I can live with that. It’s positively Darwinian.
OK but you’re forgetting their progeny will likely rebel against mommy and daddy and come to our side because we have cookies. I ain’t OK with anybody’s kids getting hurt, Charles Darwin notwithstanding.
I went about that wrong, there is no way to go about it right. Anything is enough to set you people off. I said “college students” as in kids that have no sense of reality. You are as bad as liberals, jump first. Damn college kids have no education, no responsibility, and damn sure have no business having fire arms. Hate to have to depend on any of you.
That doesn’t negate the point I was making. College kids will not be the students carrying. So that makes your observation, that “college kids have no business having firearms,” irrelevant to the point of this story. This story is about adults.
Now, if you want to have a conversation about weapons on campus in general, then your point would be relevant, although I’d still disagree. If I’m old enough to own a firearm legally (i.e. 18 in most jurisdictions), and legally I can keep a firearm in my home (pretty much everywhere), and my home is on campus (because I’m a student), then by the transitive property I should be able to legally have a firearm on campus. But as I said, that’s a different conversation.

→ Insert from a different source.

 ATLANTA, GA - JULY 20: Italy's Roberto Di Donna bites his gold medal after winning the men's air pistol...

I think we just said the same thing. But, the article was campus carry. Some of you are looking for a fight, give it up, the internet is not bruising. I said, college “students” have no business having firearms on campus. I meant it. Those of you that do have some training and responsibility beyond saying “like and duh” every few words and think f**k is something you just invented may be qualified. Son, this is not my first rodeo.
You called me “Son.” 🙂
It hasn’t been an issue on college campuses that have been forced to allow it. I can understand your reluctance to allow the practice, however it’s been tried and the results would seem to allay your fears. Having made a few goes at college I’ve noticed that most of the students who would be hard pressed to make responsible use of a firearm seem to be the generic progressive pupae who wouldn’t want to carry a firearm in the first place. Unfortunately I live in California so I have not had the pleasure of observing a campus that has had to allow concealed carry, however from what’s been reported it seems that the practice is limited to students who have either grown up around firearms and were taught to be responsible with them, students who have newly discovered firearms and liberty (constitutional libertarian types rather than pothead libertarian types) or adults pursuing a higher paying career.

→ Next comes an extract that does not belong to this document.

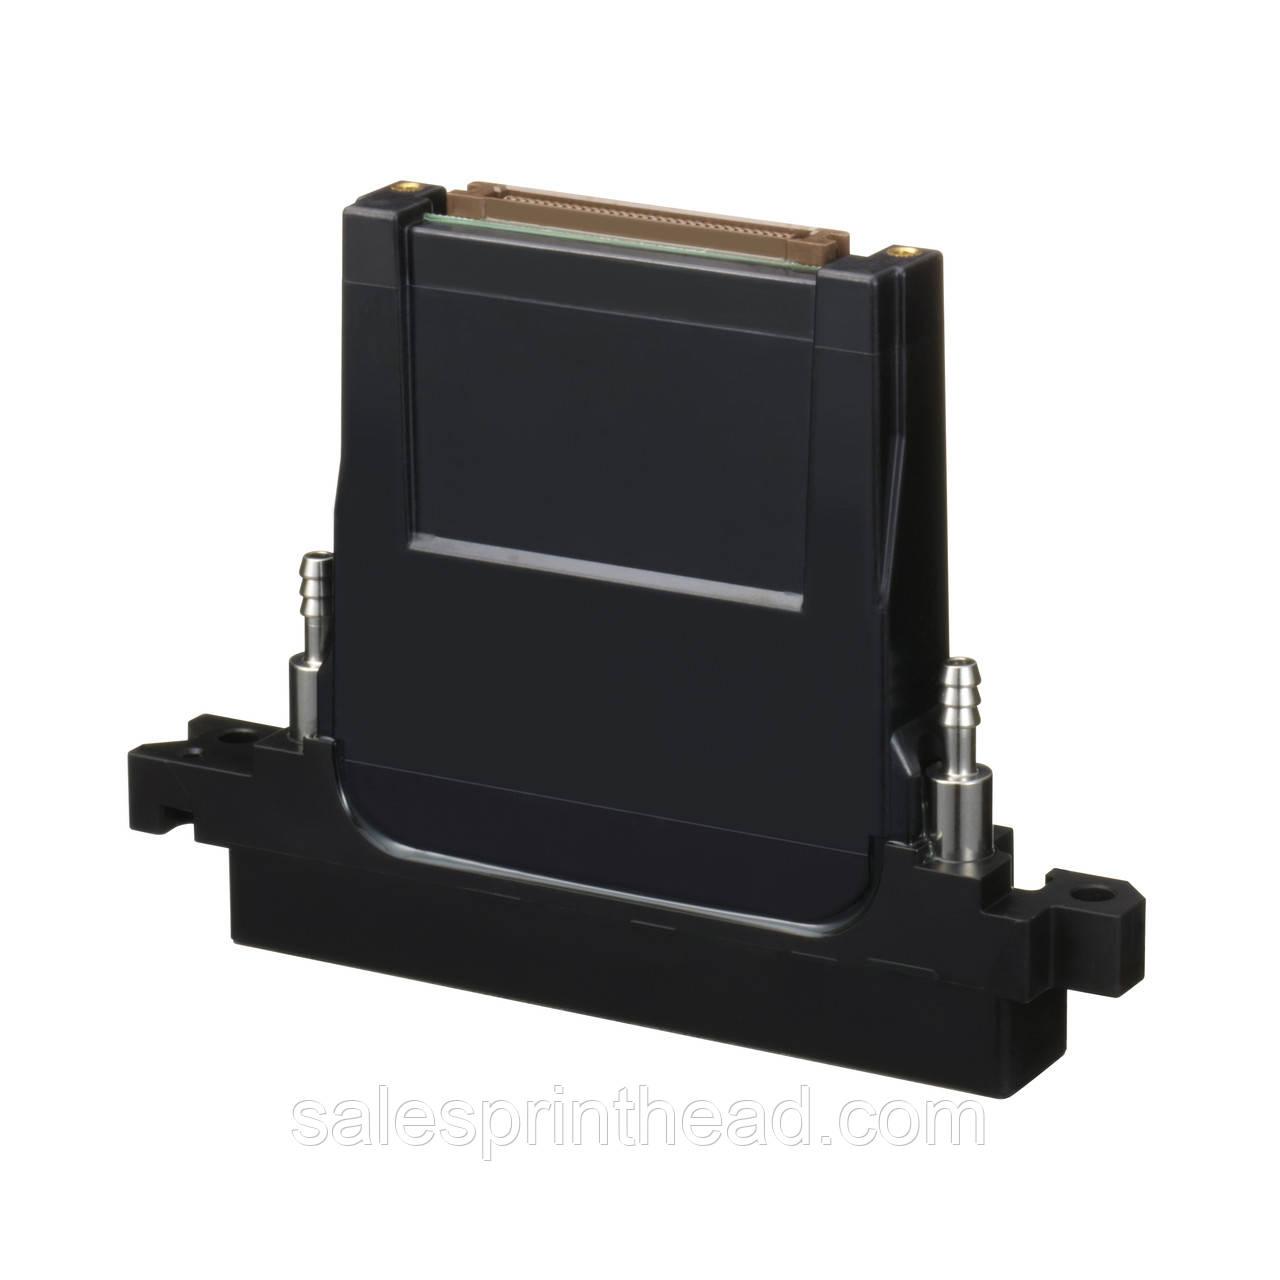 KM1024i Series High-speed inkjet printhead (KM1024i - высокоскоростная печатная головка)

Your concerns certainly seem reasonable, however the practice has simply failed to produce a tragedy in the real world.
I’ve been carrying a pistol openly or concealed almost everyday for the last 20 years. I spend years shooting IDPA and IPSC competitions, I’m a certified basic pistol instructor . . .Can I safely carry onto the campus I visit weekly? In over 7000 days none of my guns has ever hopped out of it’s holster and shot anyone, anywhere, and I don’t think the guns would even know they were on a campus so I doubt they’ll act up there.
Or, here is a thought (WARNING: logic and facts ahead!) lets look at shootings on campus in those states where it is allowed, lets see, Oh! There are none.
This leave me to wonder whether you think the students in the states where it isn’t legal to carry on campus are less mature than those in the states where it is legal, or if you don’t care about facts and reality and are arguing purely from emotion.
I’m a college combat vet. Can I conceal carry oh pretty please?
A few deployments and one GI Bill later, and I’m a “dumb college kid”, no guns for me…
The Idaho State Journal has no interest in fair reporting when it comes to guns. A few years ago I started keeping track of the anti-gun opinions published on the editorial page. Last year alone they had 24 anti-gun opinions, with only 4 pro-rights opinions.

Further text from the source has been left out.